After cutting off the sprues (I had a big power bandsaw) and weighing the bars, I remelted them if they were under 10 or 100 oz (usually an air pocket - rare). Otherwise, I stamped a little under the actual weight in tr.oz, with 2 decimal places. I had no problem selling them for a fair premium. The sooted book molds gave a nice smooth surface with nice big crystals. And, of course, the pipe ends up in the sprue, which is cut off. What I hated was stamping them, one character at a time. I always lined up 100 of the 10 oz ones at a time, when I stamped them. Real idiot work. I think it took longer to stamp them than it did to cast them.
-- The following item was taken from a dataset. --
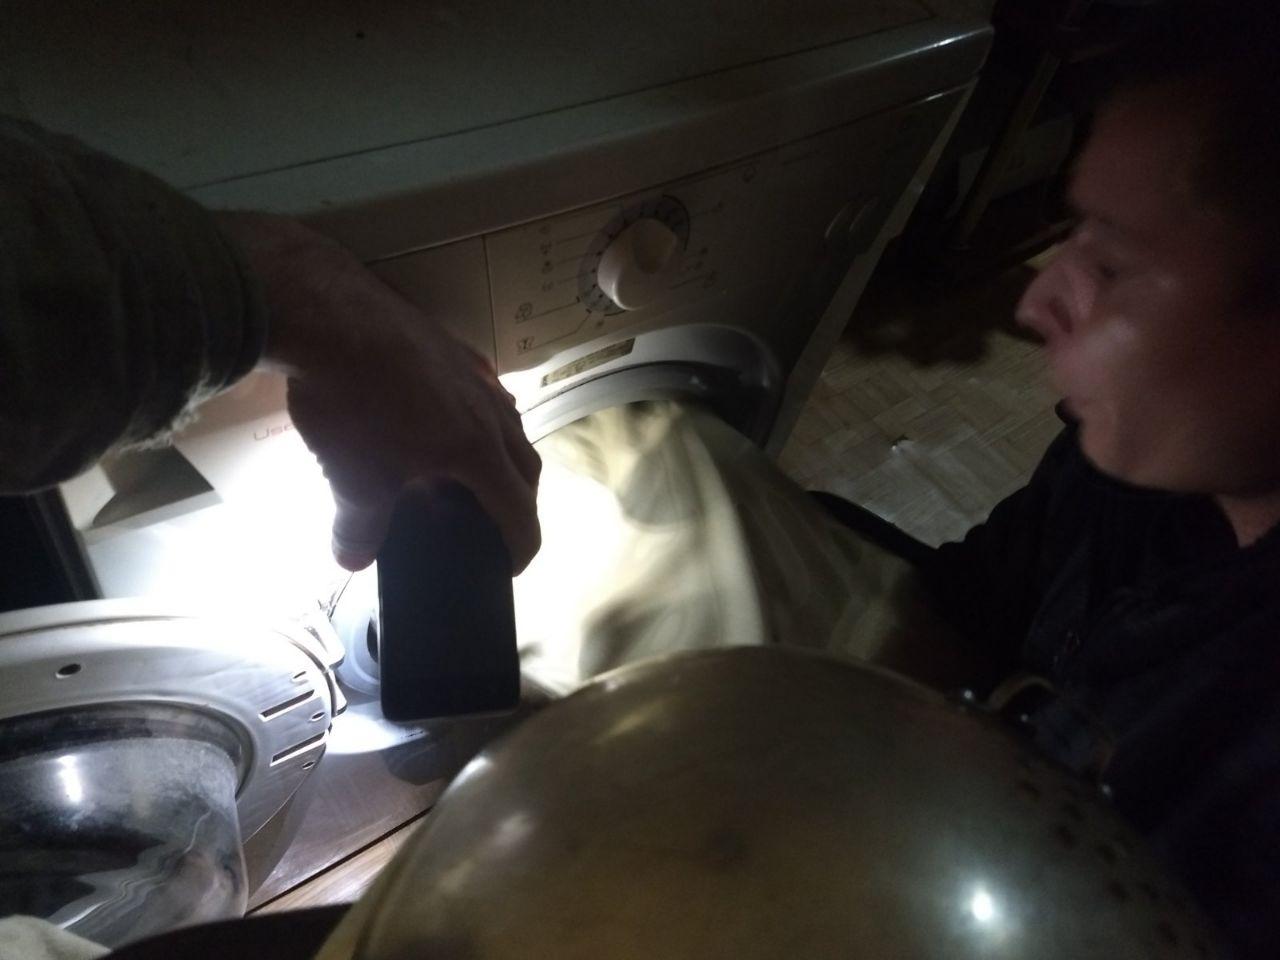 На Харьковщине маленький мальчик застрял в стиральной машине (фото)

I got pretty fast on the casting, once I was able to not miss the sprue holes.


----------



## Wingedcloud (Aug 17, 2016)

upcyclist said:


> Wingedcloud said:
> 
> 
> > The only thing you said and that I did not understand was this:
> ...


Thanks upcyclist, that clarifies it for sure 
I don't have a silver cell yet, because never recovered or refined silver before. But after getting this little (but valuable) piece of information, i'll surely consider doing a pour shot for later refining 

Winged


----------



## goldsilverpro (Aug 17, 2016)

Wingedcloud said:


> upcyclist said:
> 
> 
> > Wingedcloud said:
> ...



Unless one is a real klutz, any silver coming out of a silver cell is at least 999 Fine and possibly 999.5 or even 999.9 Fine. At just 999, silver is considered *PURE* in commercial trade. The only purpose I can think for shotting pure silver or gold is to sell it to jewelers. Otherwise, for *IMPURE* silver or gold, the purpose of shotting is to increase the surface are so it will dissolve faster. With *PURE* silver, I would probably cast bars and sell them, unless you just want some BB's or cornflake to look at.


----------



## Palladium (Aug 18, 2016)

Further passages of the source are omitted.